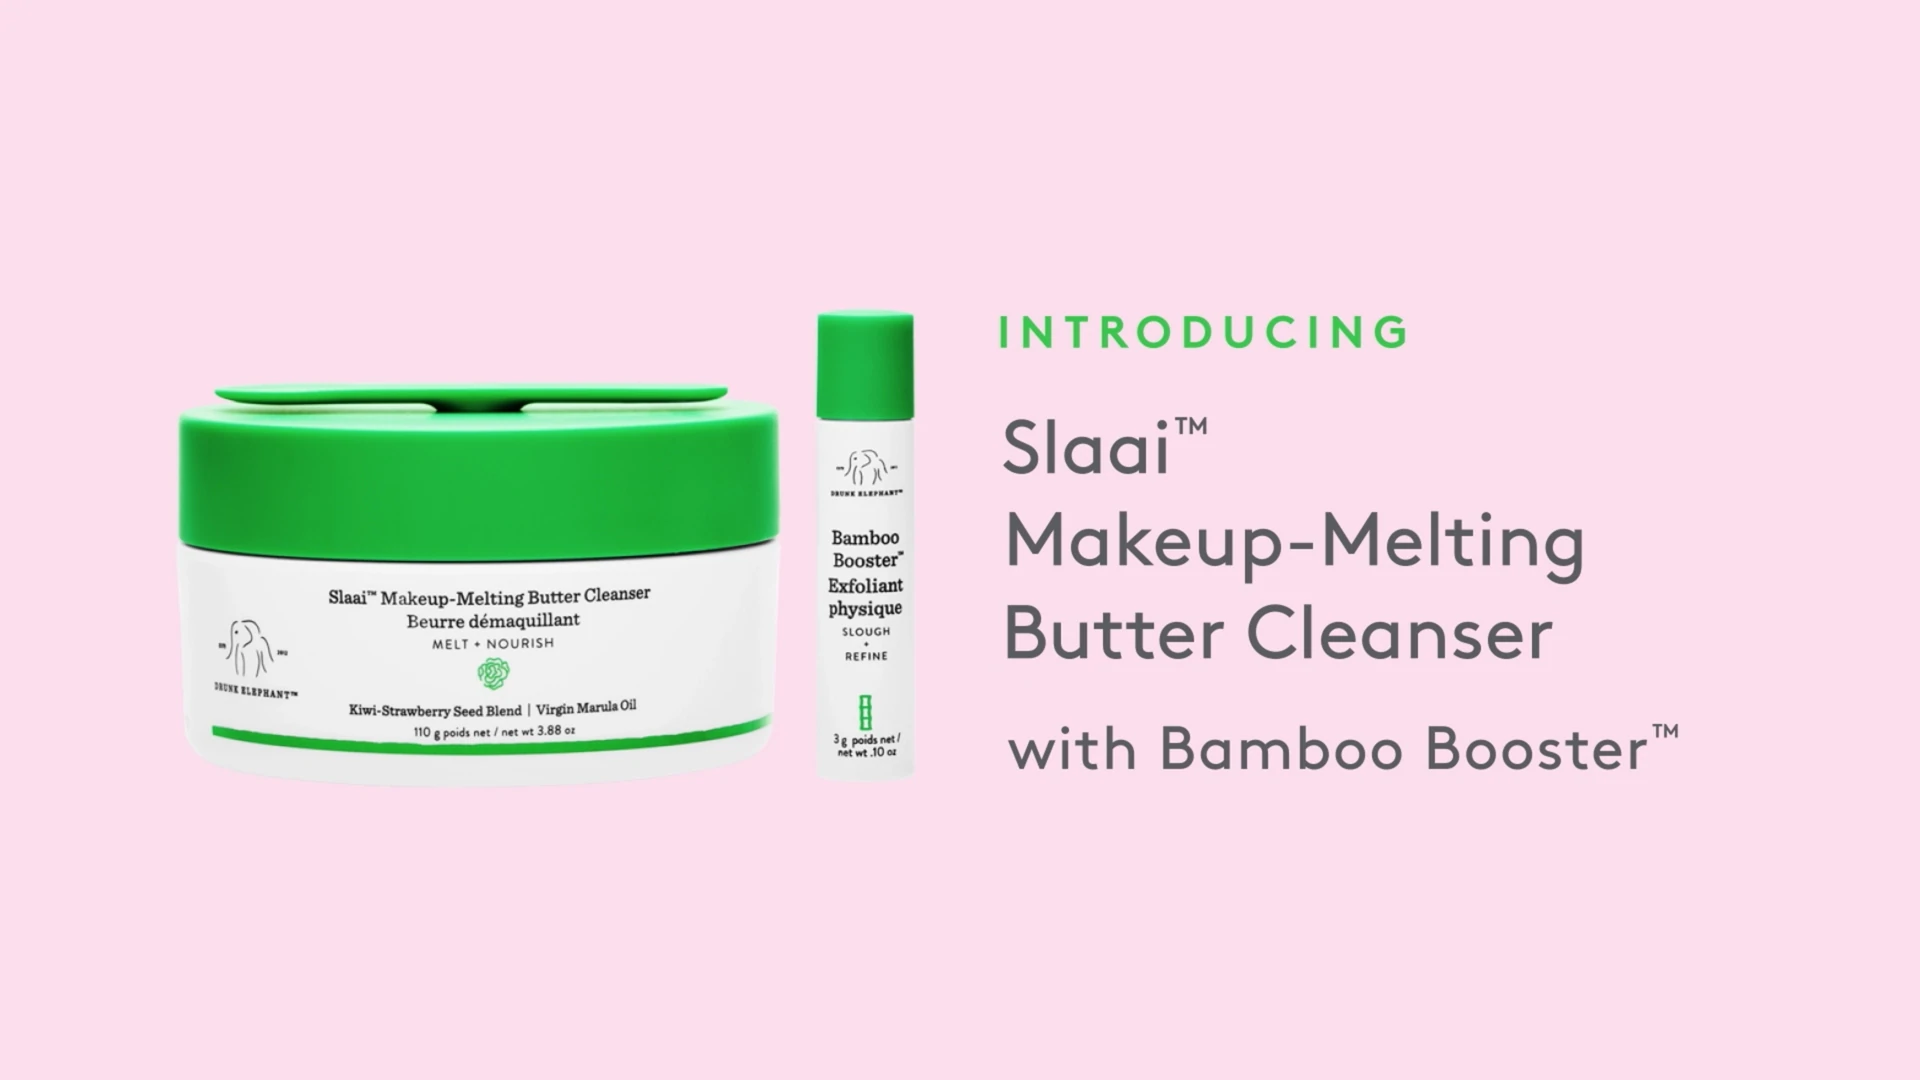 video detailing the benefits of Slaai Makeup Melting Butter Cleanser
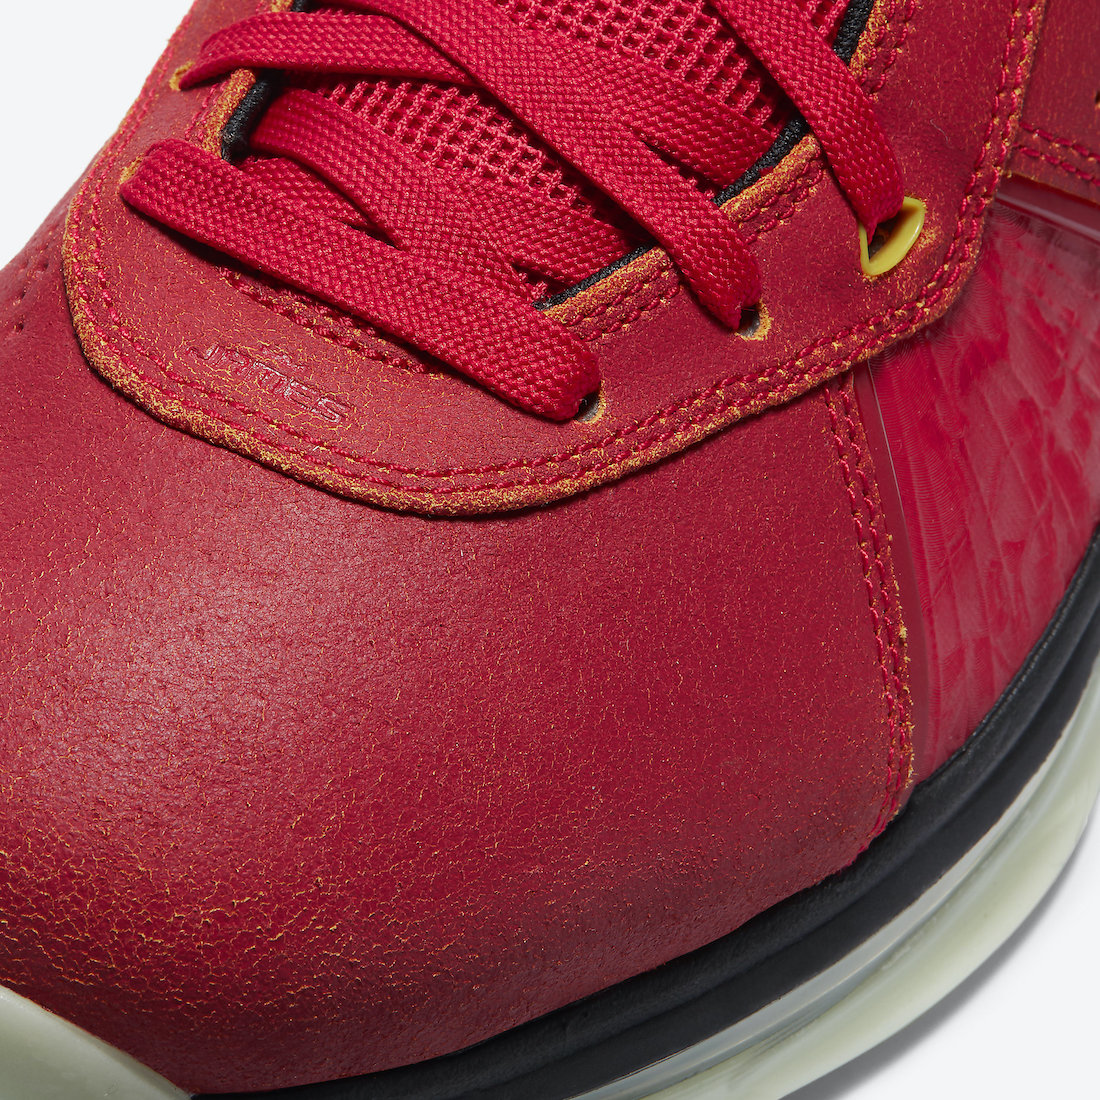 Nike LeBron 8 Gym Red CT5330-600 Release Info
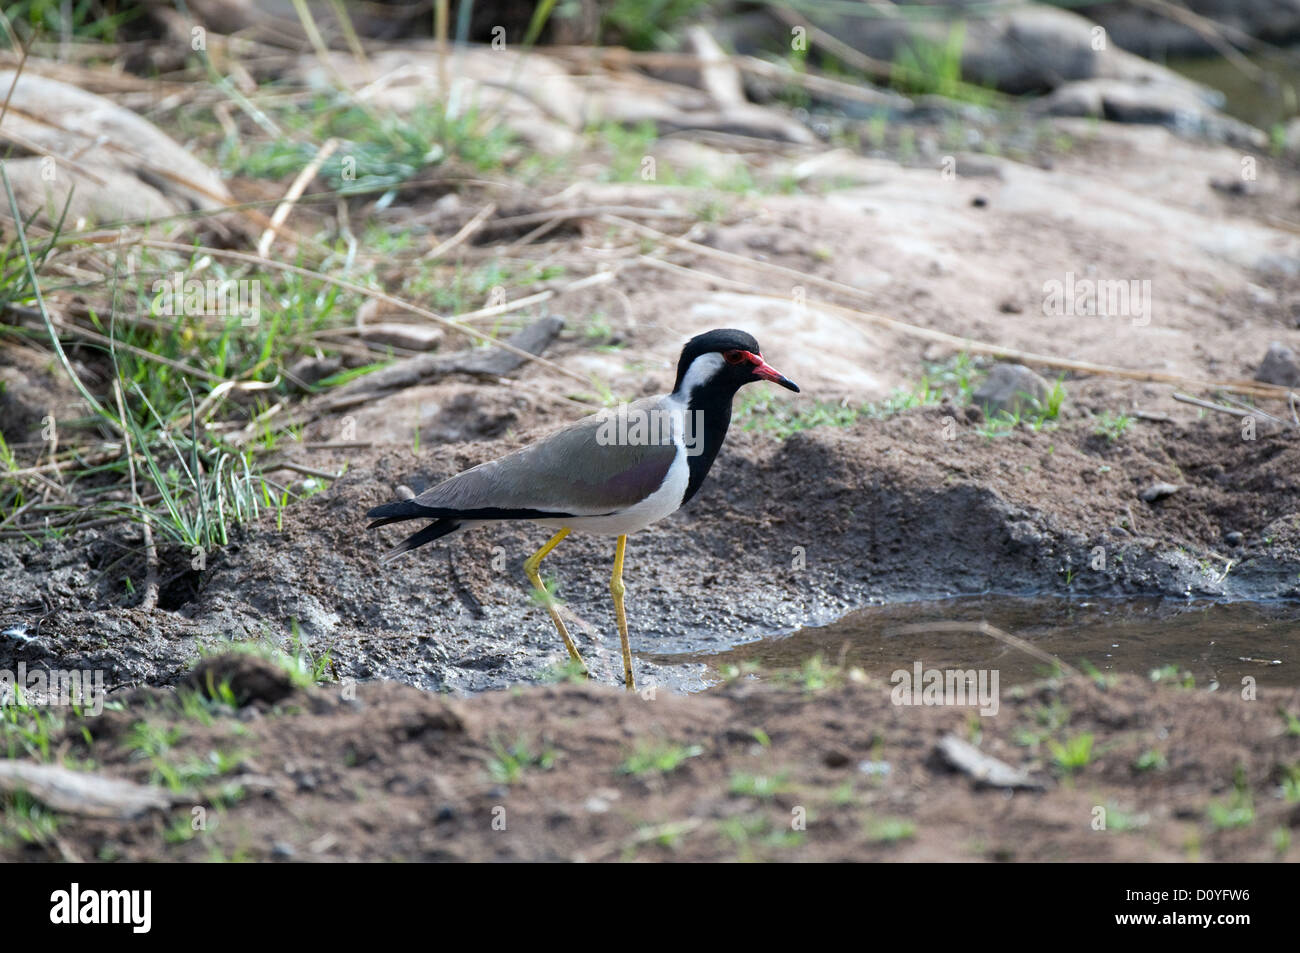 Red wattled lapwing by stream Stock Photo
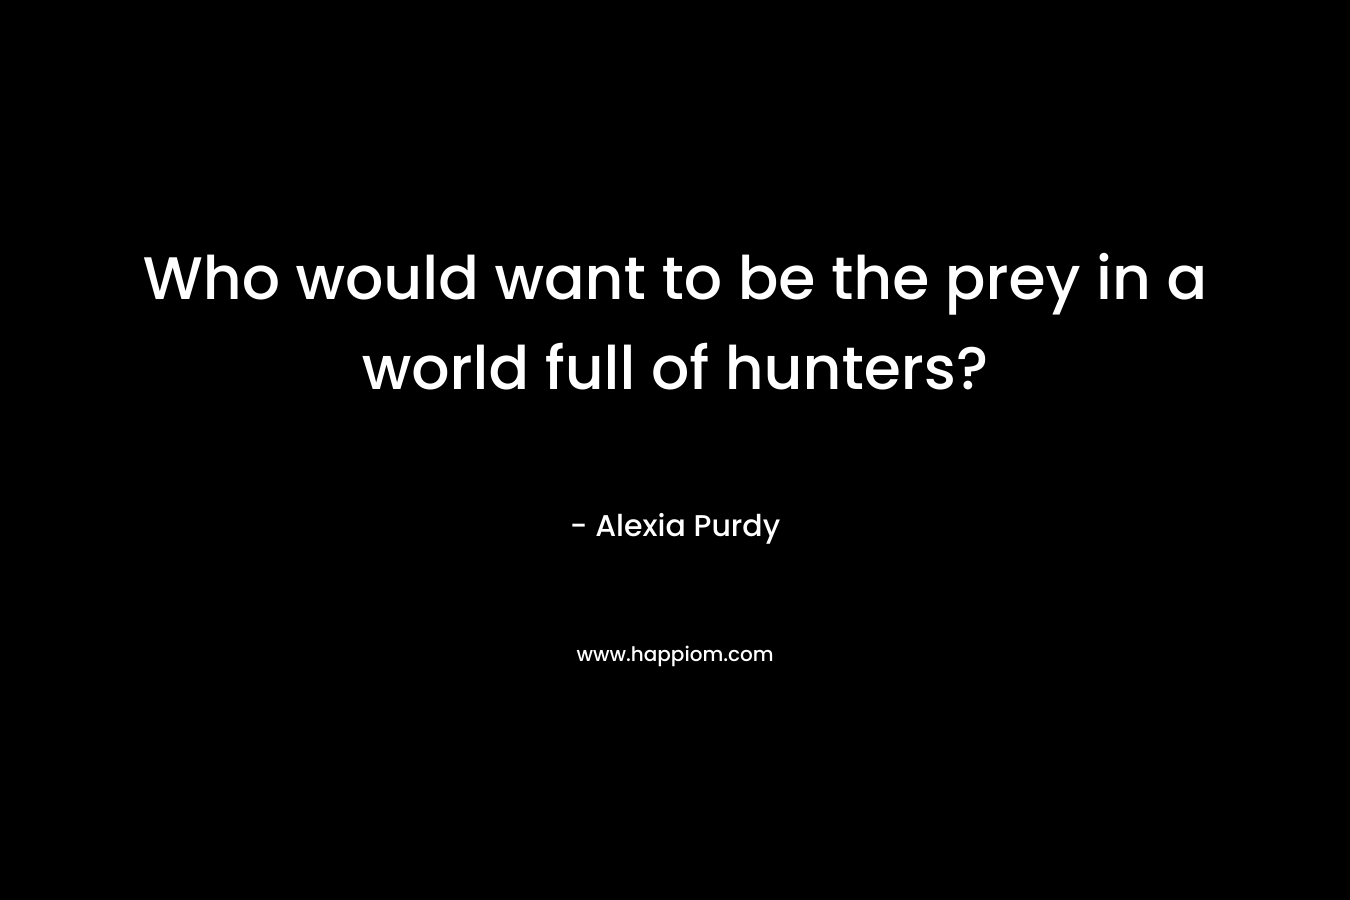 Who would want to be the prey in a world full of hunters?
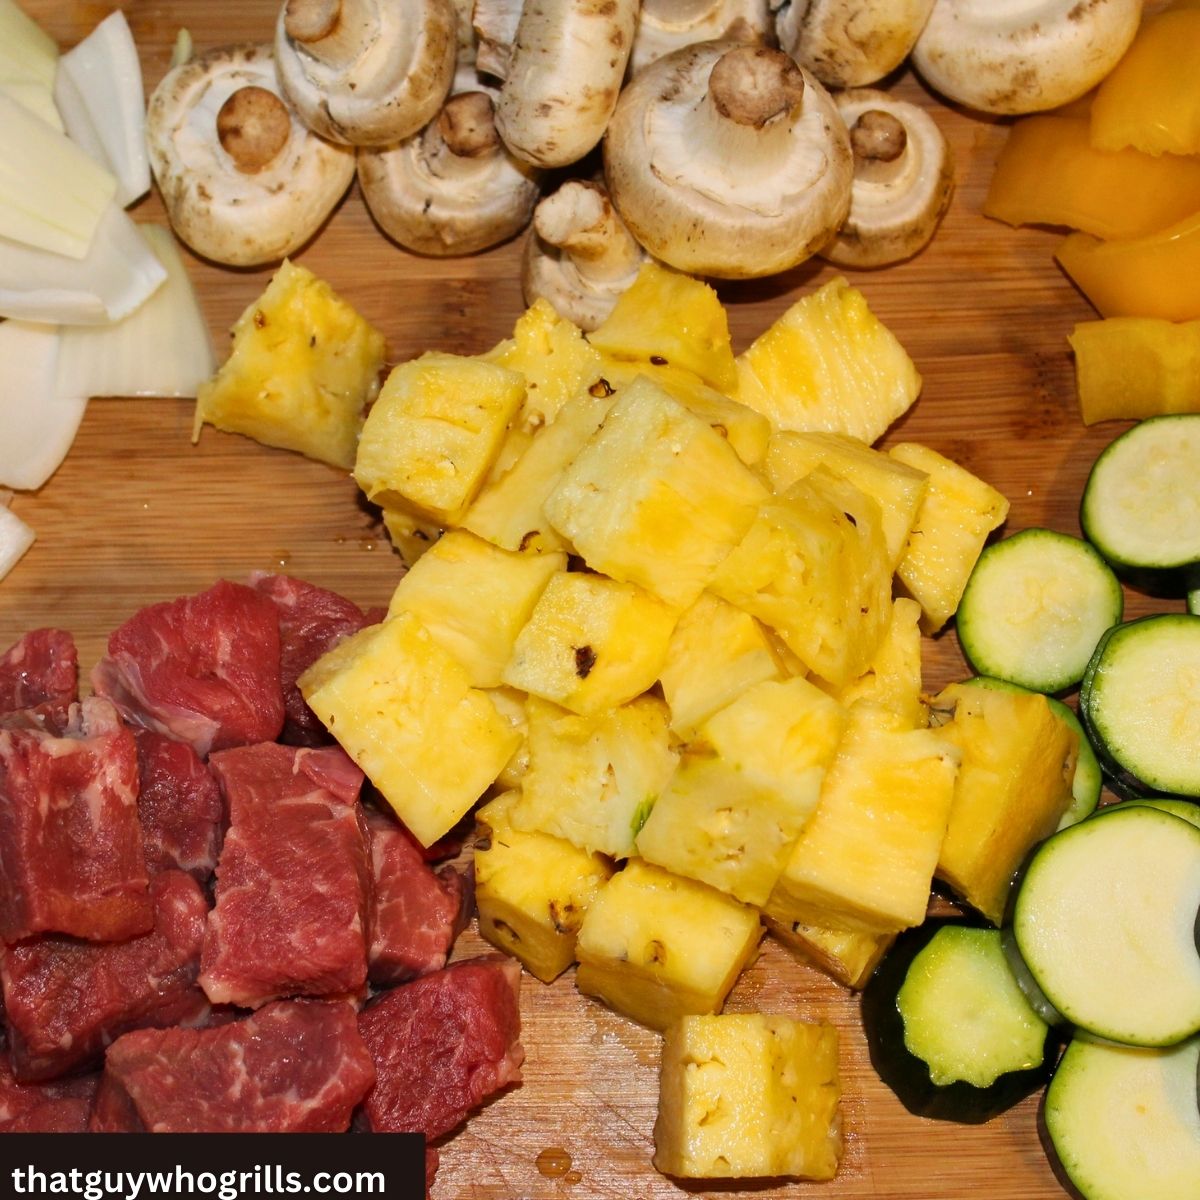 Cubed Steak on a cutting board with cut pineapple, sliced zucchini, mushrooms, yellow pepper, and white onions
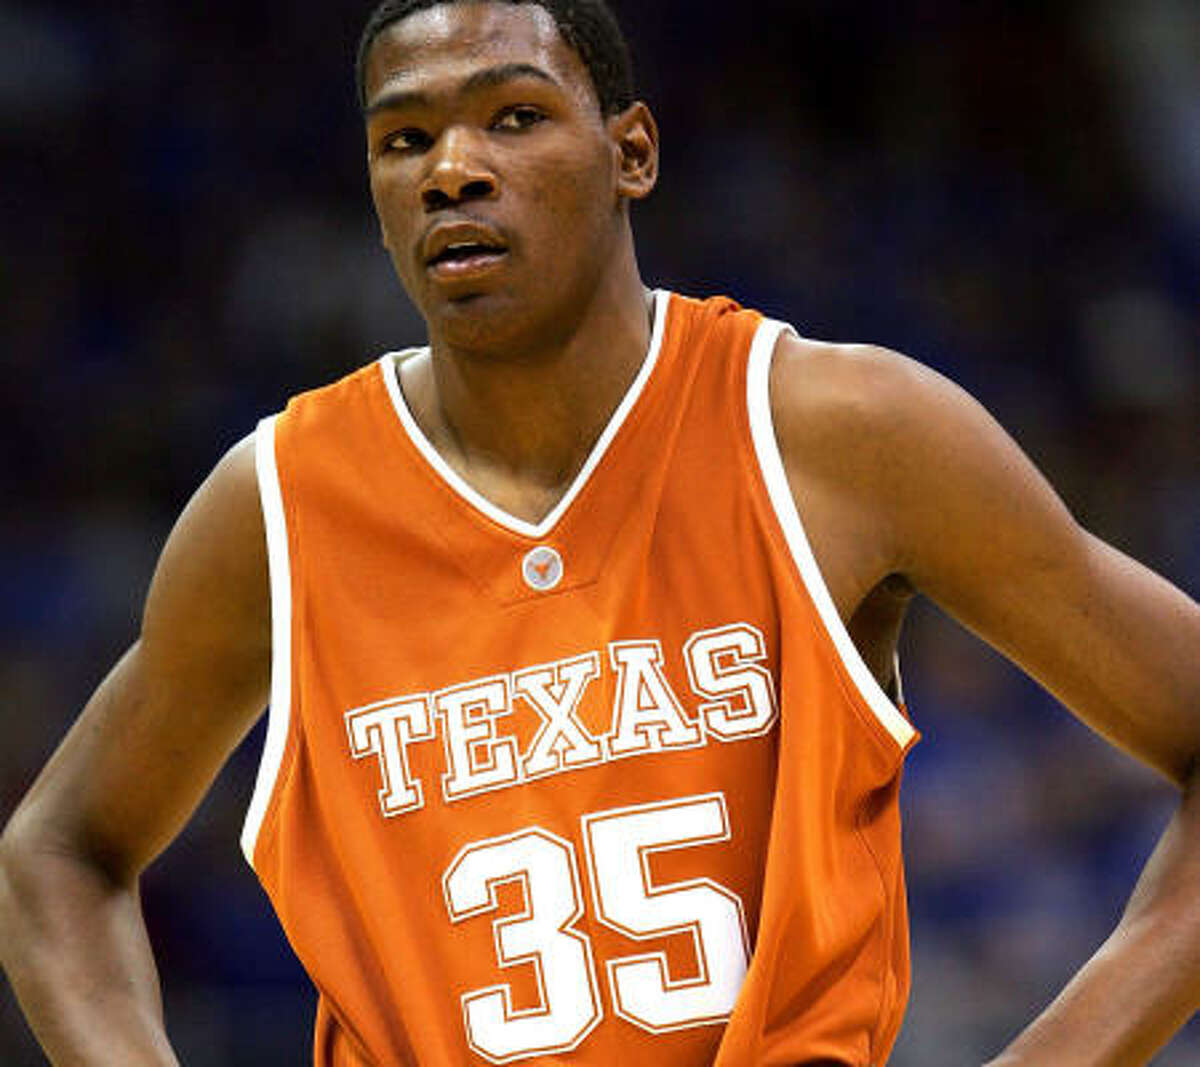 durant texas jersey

Task prompt:
With the pictures removed, output the listing above exactly.

Answer for this exercise:
 video detailing the benefits of Slaai Makeup Melting Butter Cleanser
 Nike LeBron 8 Gym Red CT5330-600 Release Info
 Red wattled lapwing by stream Stock Photo
 Who would want to be the prey in a world full of hunters?
 Cubed Steak on a cutting board with cut pineapple, sliced zucchini, mushrooms, yellow pepper, and white onions
 durant texas jersey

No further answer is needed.